Locate the line containing "Porto is the" in the material below. Copy that line and all following lines through the end exactly, omitting any pictures.

→ DATA BLOCK:
----------

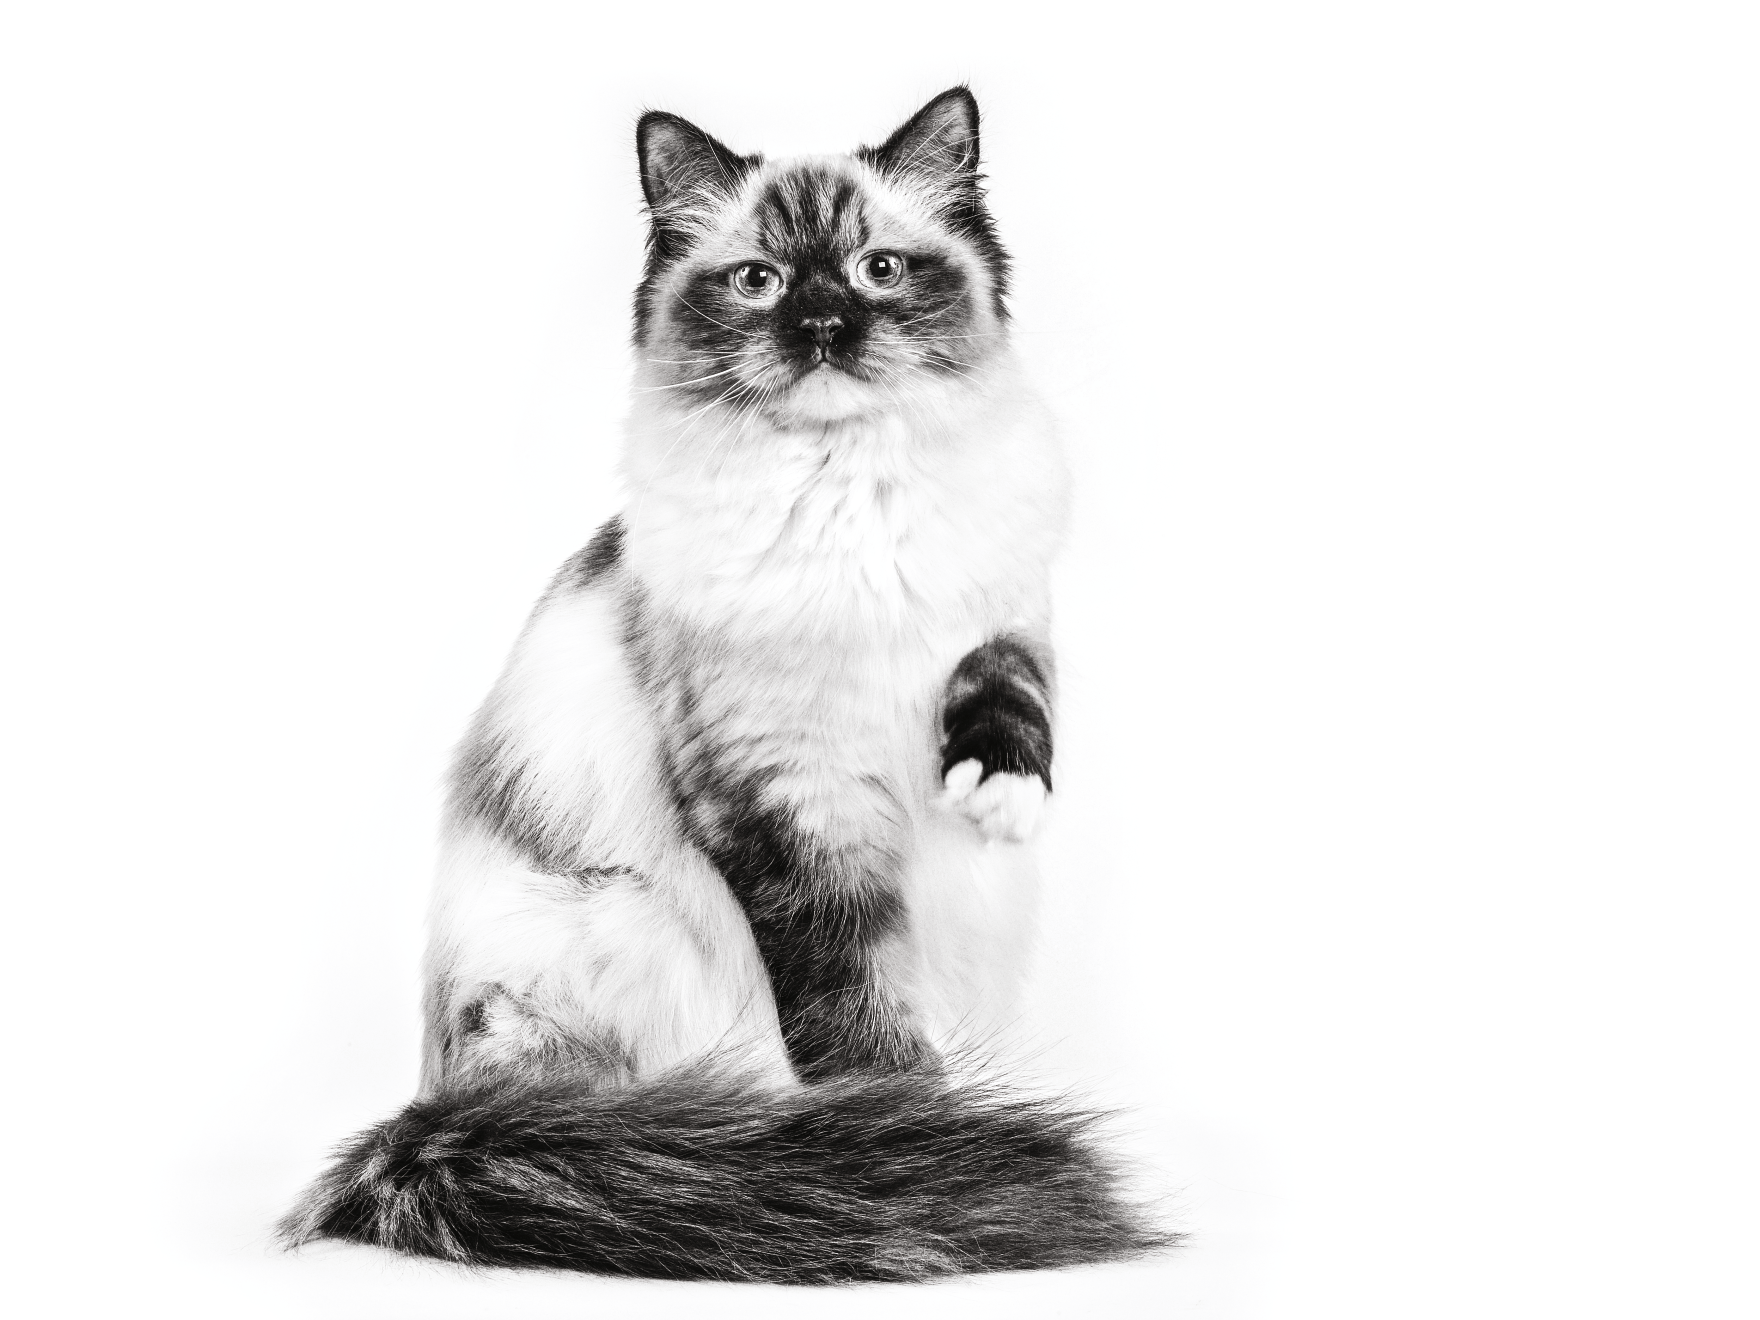 Black and white image of a Ragdoll cat sat holding one paw up
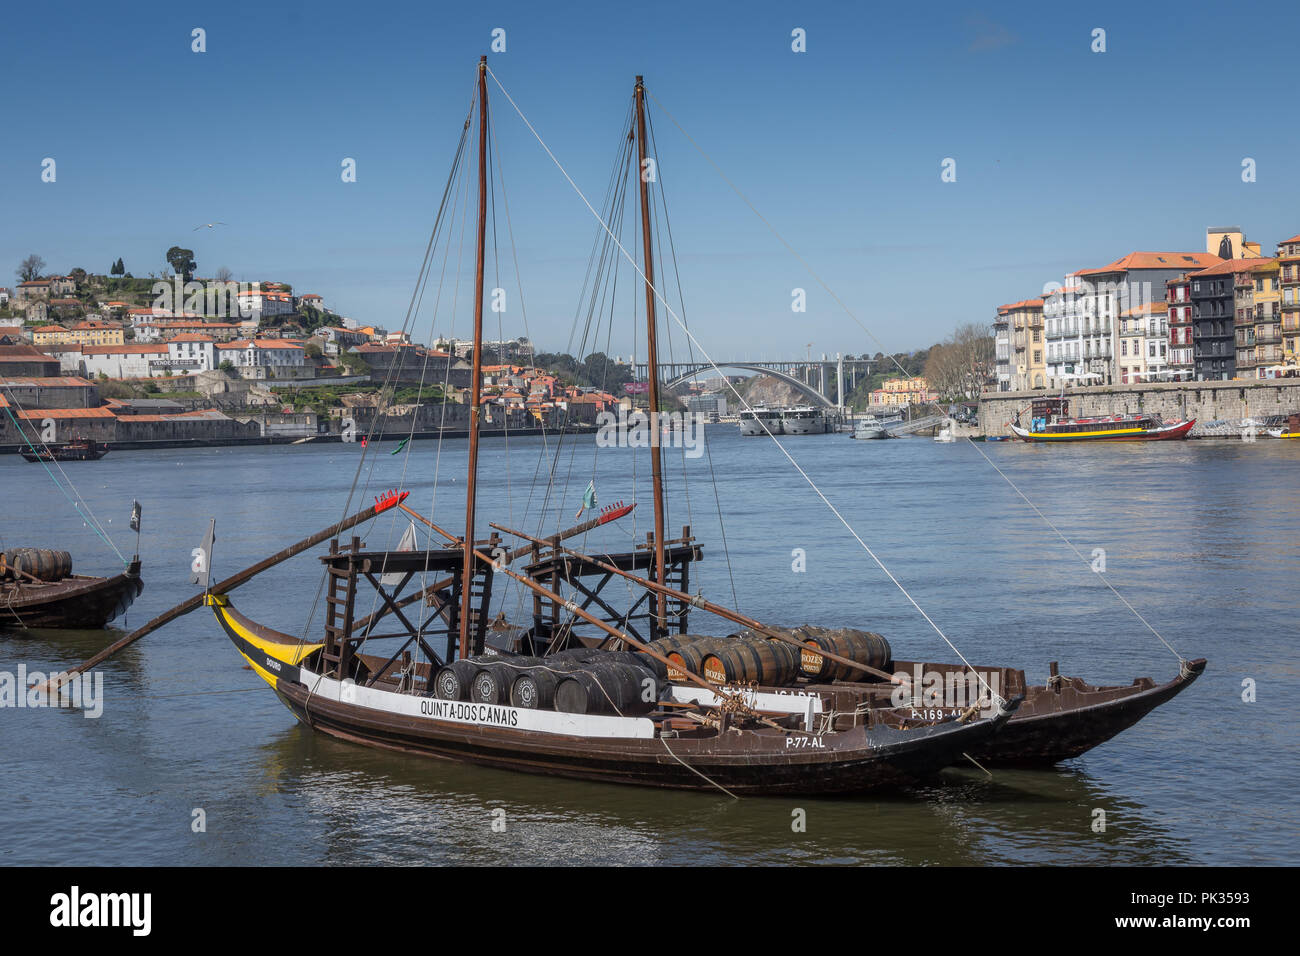 Porto is the second-largest city in Portugal after Lisbon and one of the major urban areas of the Iberian Peninsula. Stock Photo
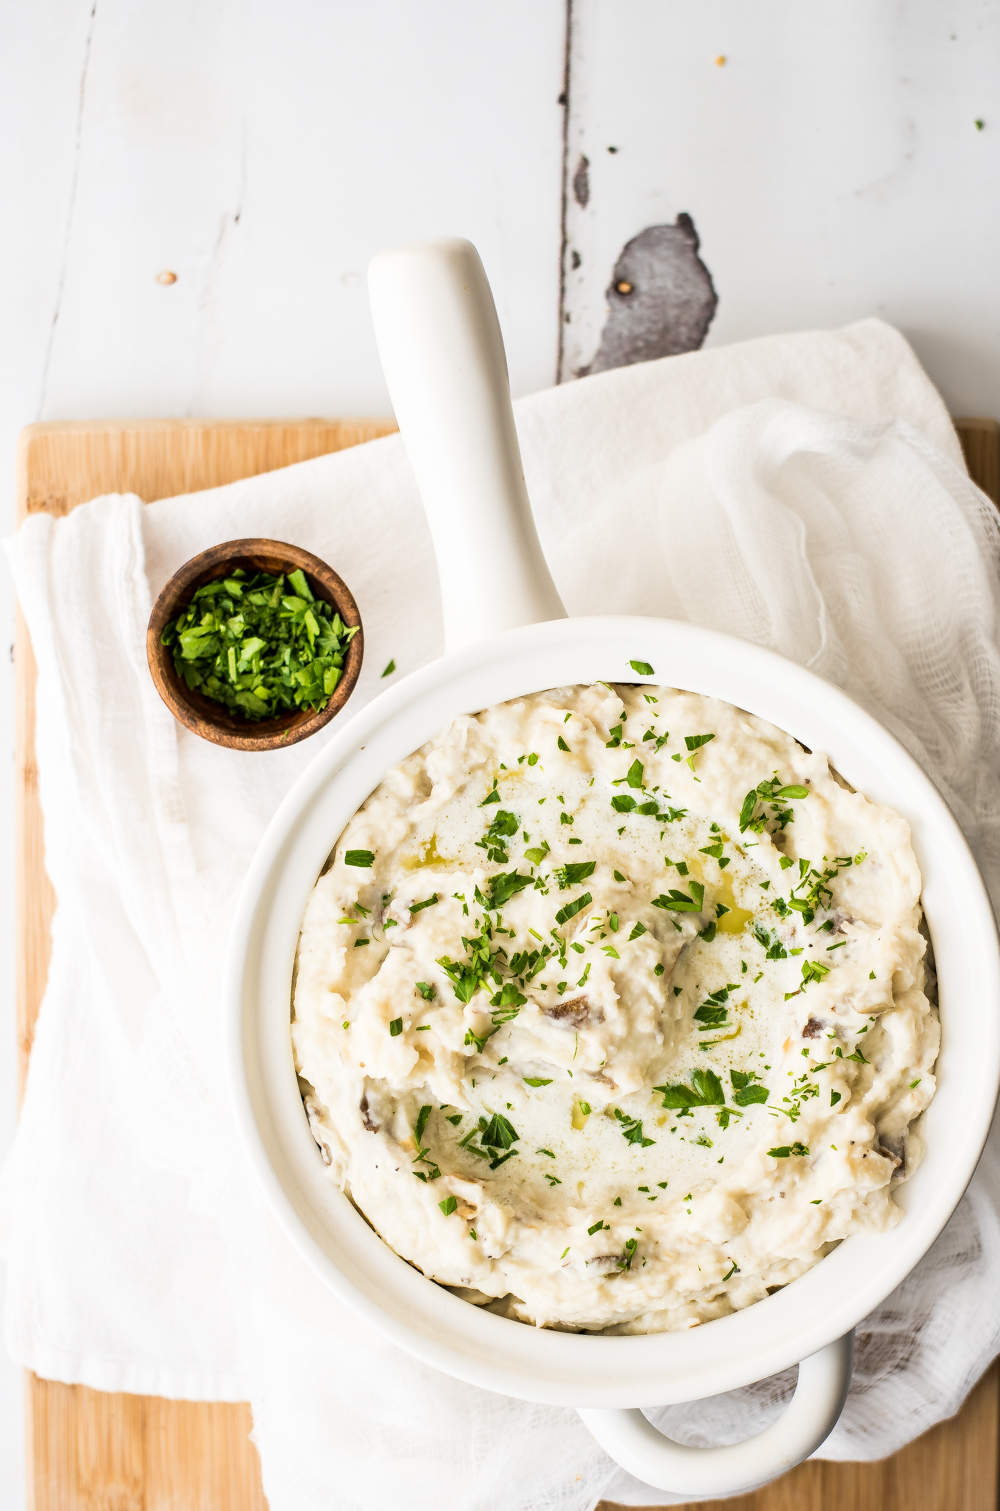 Whipped Root Vegetable Mash with Herb Beer Butter is the perfect side dish for your Thanksgiving spreads! Parsnips and turnips bring this recipe to life!

----------

→ ANSWER TO THIS EXERCISE:
 Porto is the second-largest city in Portugal after Lisbon and one of the major urban areas of the Iberian Peninsula. Stock Photo
 Whipped Root Vegetable Mash with Herb Beer Butter is the perfect side dish for your Thanksgiving spreads! Parsnips and turnips bring this recipe to life!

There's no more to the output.